2026-01-10 admin
阿蝶的毒在第三日清晨发作了。
我端着药碗推门进去时,看见她在床上蜷成一团,冷汗浸透了单衣,嘴唇咬出了血。听见动静,她猛地抬头,那双琥珀色的眼睛里充满了野兽般的警惕。
“别过来。”她嘶哑地说,手指紧紧抓着床沿,指节发白。
我把药碗放在桌上,站在原地没动:“噬骨蛊的毒压不住了,是吗?”
阿蝶盯着我,忽然笑了,笑容里满是苦涩:“你知道?那你也该知道,我活不过今天日落。”
“不一定。”我走上前,不顾她的退缩,一把掀开她腹部的衣物。
伤口周围的皮肉已经发黑,细密的黑色纹路像蛛网一样向四周蔓延。最诡异的是,那些纹路隐约组成了一个图案——一只展开翅膀的蝴蝶。
我愣住了。这纹路我认识,上一世在桑洛的蛊经里见过。这不是普通的噬骨蛊,而是蛊中蛊——“蝶影噬心”。
中蛊者最初只会感到骨痛,三日后毒发时,身体会逐渐僵化,最后变成一具保持生前姿态的躯壳,像蝴蝶标本一样。而更恶毒的是,这种蛊会在宿主死后孵化出新的蛊虫,寻找下一个宿主。
下蛊的人,根本没想给阿蝶留活路。
“你早知道是蝶影噬心?”我问。
阿蝶闭了闭眼:“知道又怎样?这种蛊无解。”
“有解。”我斩钉截铁地说。
她猛地睁开眼:“你说什么?”
我没回答,转身出了房间,径直走进桑洛的房间。他正在调配蛊药,桌上摆满了瓶瓶罐罐。见我进来,他放下手中的研钵:“阿姐,怎么了?”
“阿蝶中的是蝶影噬心。”我开门见山。
桑洛的手顿在半空,脸色一点点沉下来:“确定?”
“伤口纹路已经成形了。”
他沉默片刻,站起身走到墙角的木柜前,打开最下层的抽屉,取出一个巴掌大的铁盒。盒盖上刻着复杂的符文,已经生了锈。

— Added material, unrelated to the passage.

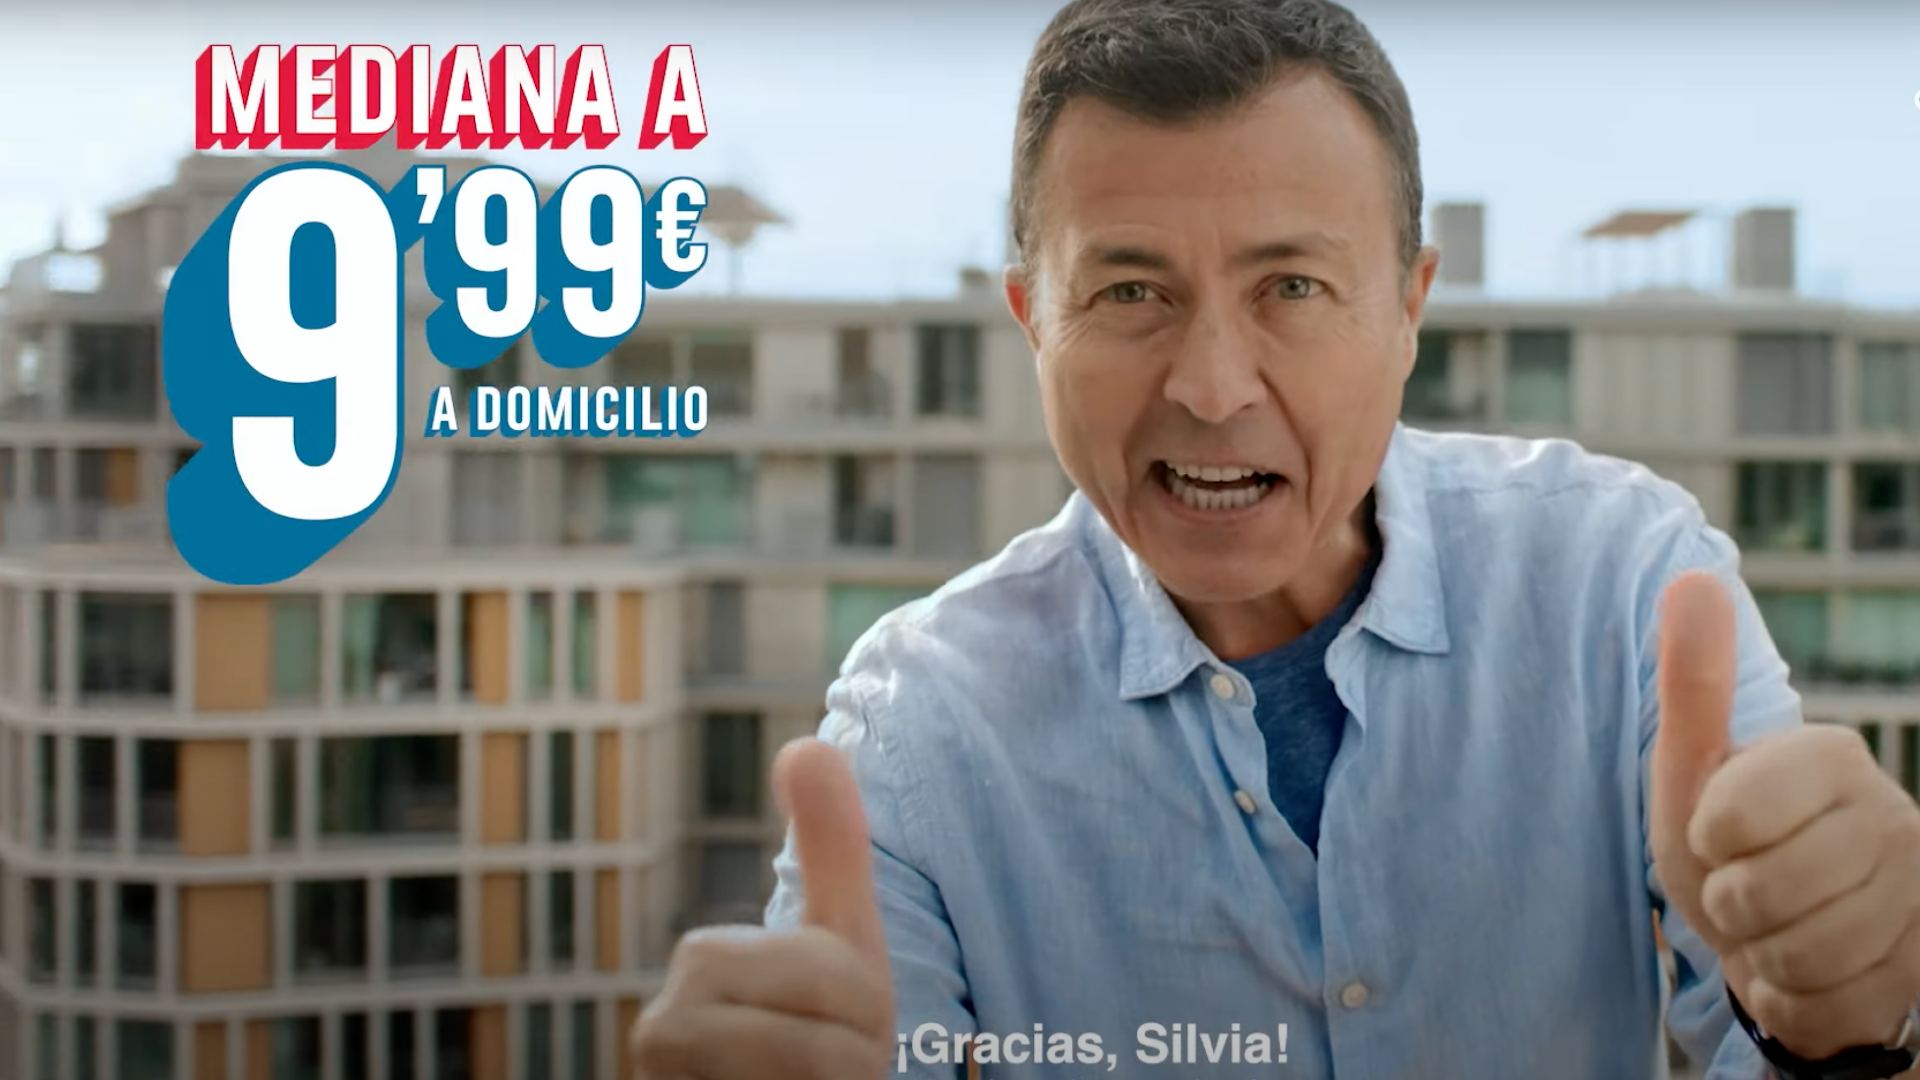 Imagen del spot en la que aparece el presentador de Antena 3 Manu Sánchez junto al precio de la pizza dando las gracias a Silvia.

“这是我母亲留下的。”桑洛轻声说,摩挲着盒盖,“她生前是蝶寨最好的蛊师。”
我愣住了。这是我第一次听桑洛提起他的母亲。上一世,他从来不说。
“她……怎么死的?”我小心翼翼地问。
桑洛打开铁盒,里面是一本泛黄的册子,册子旁放着一只干枯的蝴蝶标本。蝴蝶的翅膀是罕见的深蓝色,即使在黯淡的光线下,依然泛着幽光。

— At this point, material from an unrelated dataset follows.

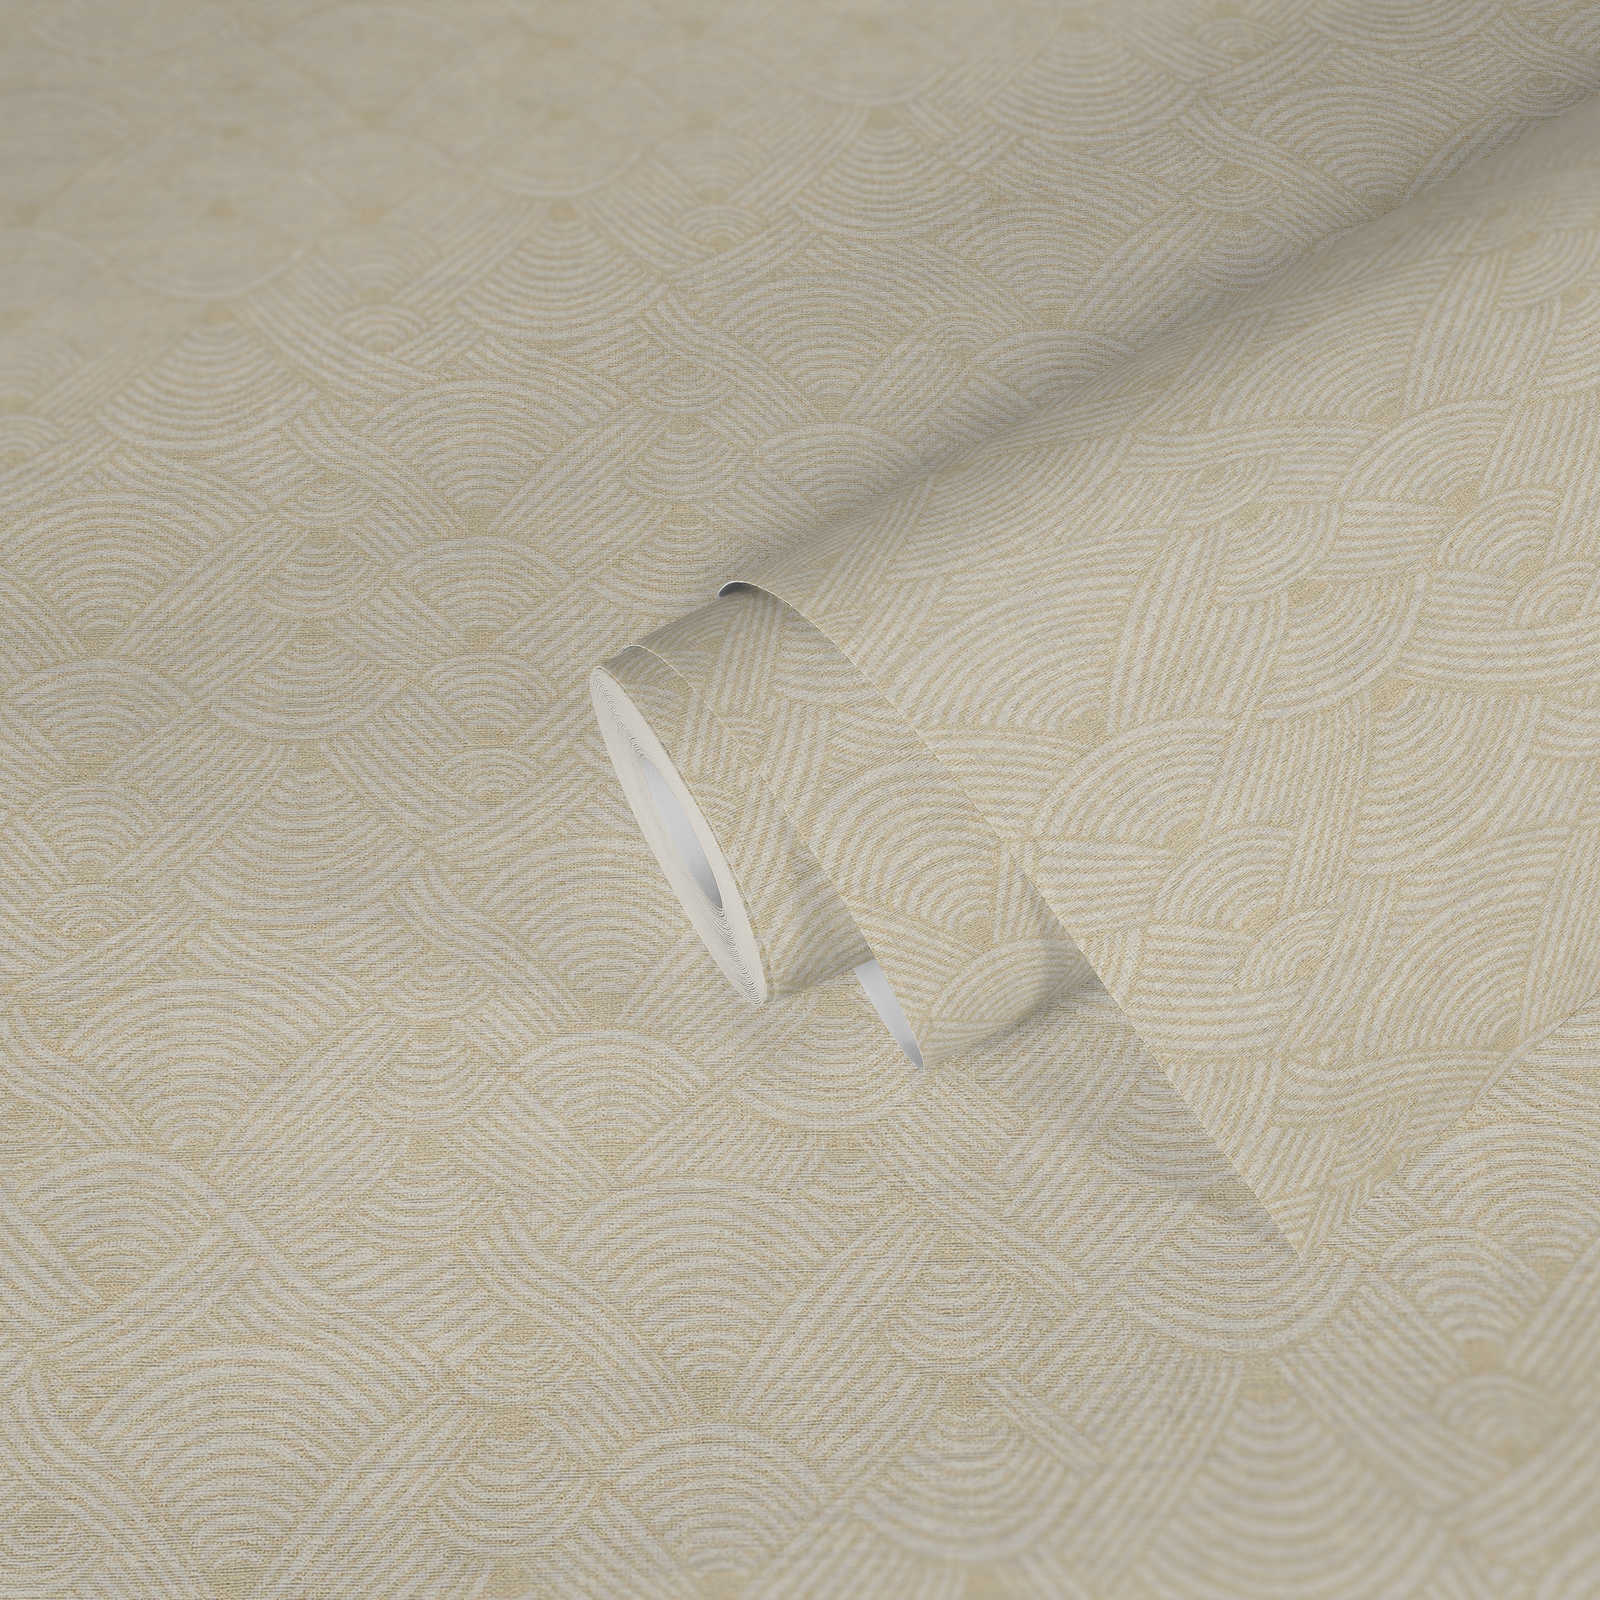             Carta da parati in tessuto non tessuto con disegno di licheni in stile etno - crema, bianco

“蝶影噬心,就是她创的。”桑洛的声音很平静,平静得让人心头发紧,“但她还没来得及写下解法,就死了。”
“怎么死的?”
桑洛合上铁盒,转身看我:“被蝶寨的人,用她自己创的蛊,杀死了。”
房间里安静得能听见彼此的呼吸。我看着桑洛,忽然明白了他对蝶寨的敌意从何而来。
“阿姐想救那个阿蝶?”桑洛问。
“想。”我点头,“不只是救她。我想知道,蝶影噬心为什么会在二十年后重现,又为什么会被用在一个逃命的少女身上。”

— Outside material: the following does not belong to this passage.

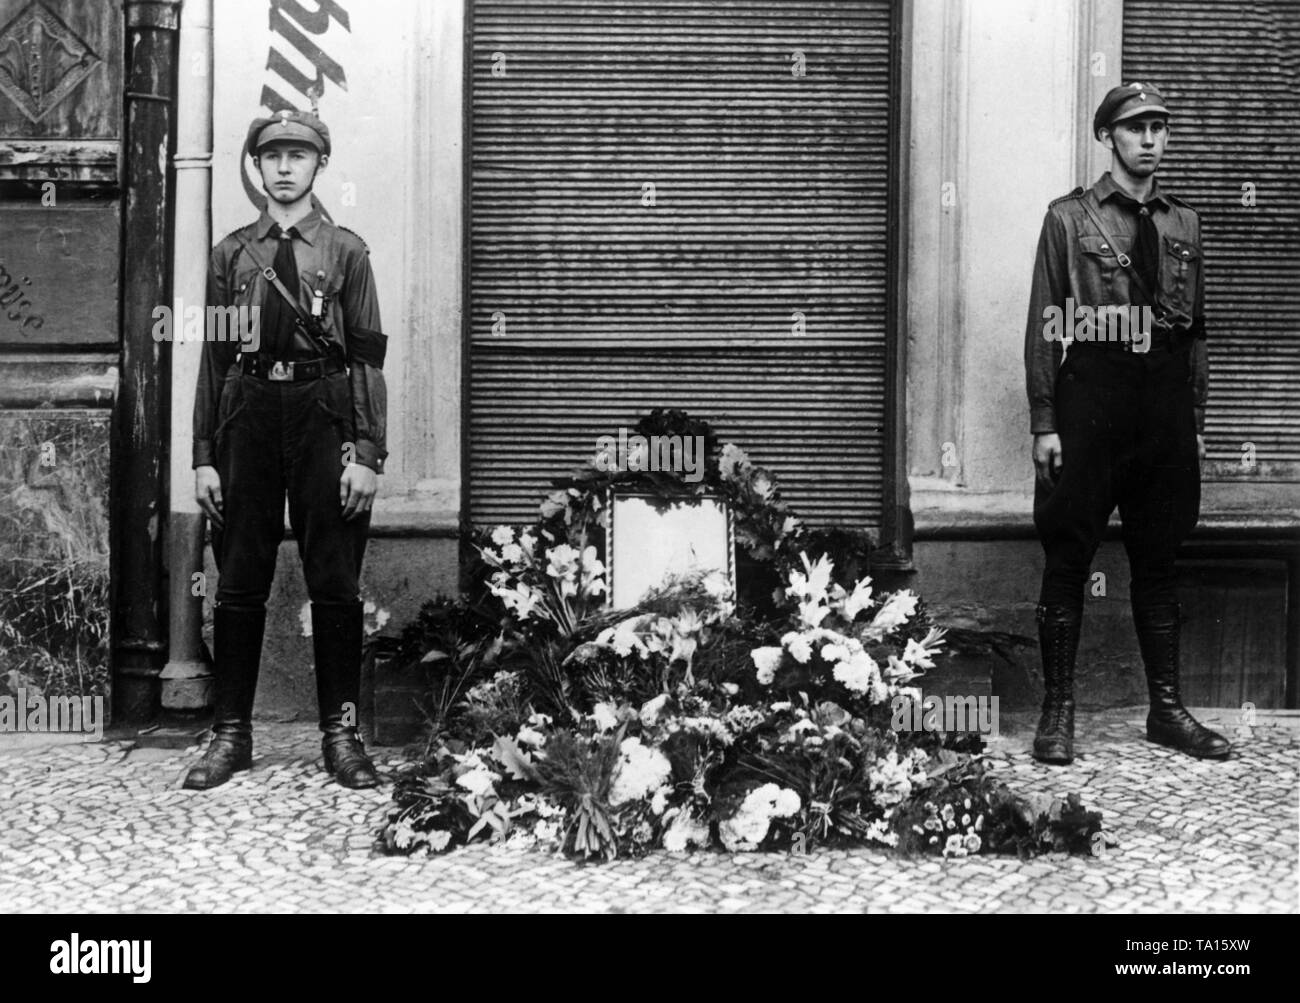 Am Lausitzer Platz in Berlin-Kreuzberg, Mitglieder der Hitlerjugend halten ehrenwache am deathplace der Hitlerjugend Mitglied Hans Hoffmann, der am 17. August, 1931 ermordet wurde. Stockfoto

桑洛盯着我看了一会儿,忽然笑了:“阿姐越来越像我了。”
“像你不好吗?”
“好。”他走过来,把铁盒递给我,“就是会让我更舍不得放你离开。”
我接过铁盒,感觉它有千斤重。打开册子,里面是用娟秀字迹记录的蛊术心得。翻到最后一页,只有半页字,后面的页被撕掉了。
“这是我母亲的字。”桑洛指着册子说,“蝶影噬心的解法,应该就在被撕掉的那几页上。”
“那怎么办?”
桑洛从怀中取出一只白玉小瓶:“用这个。”
“这是什么?”
“问心蛊。”他拔开瓶塞,一只通体透明的小虫爬了出来,停在瓶口,“把它放在残缺的文字上,它能根据残留的蛊力,推演出缺失的内容。”
我眼睛一亮:“这么神奇?”
“但只能用一次。”桑洛把蛊虫小心地放在册子上,“而且,推演出的结果不一定完整。”
蛊虫在纸页上爬动,身体渐渐发出微光。那些被撕掉的页面上,竟然慢慢浮现出淡金色的字迹。我和桑洛屏住呼吸,看着字迹一点点清晰。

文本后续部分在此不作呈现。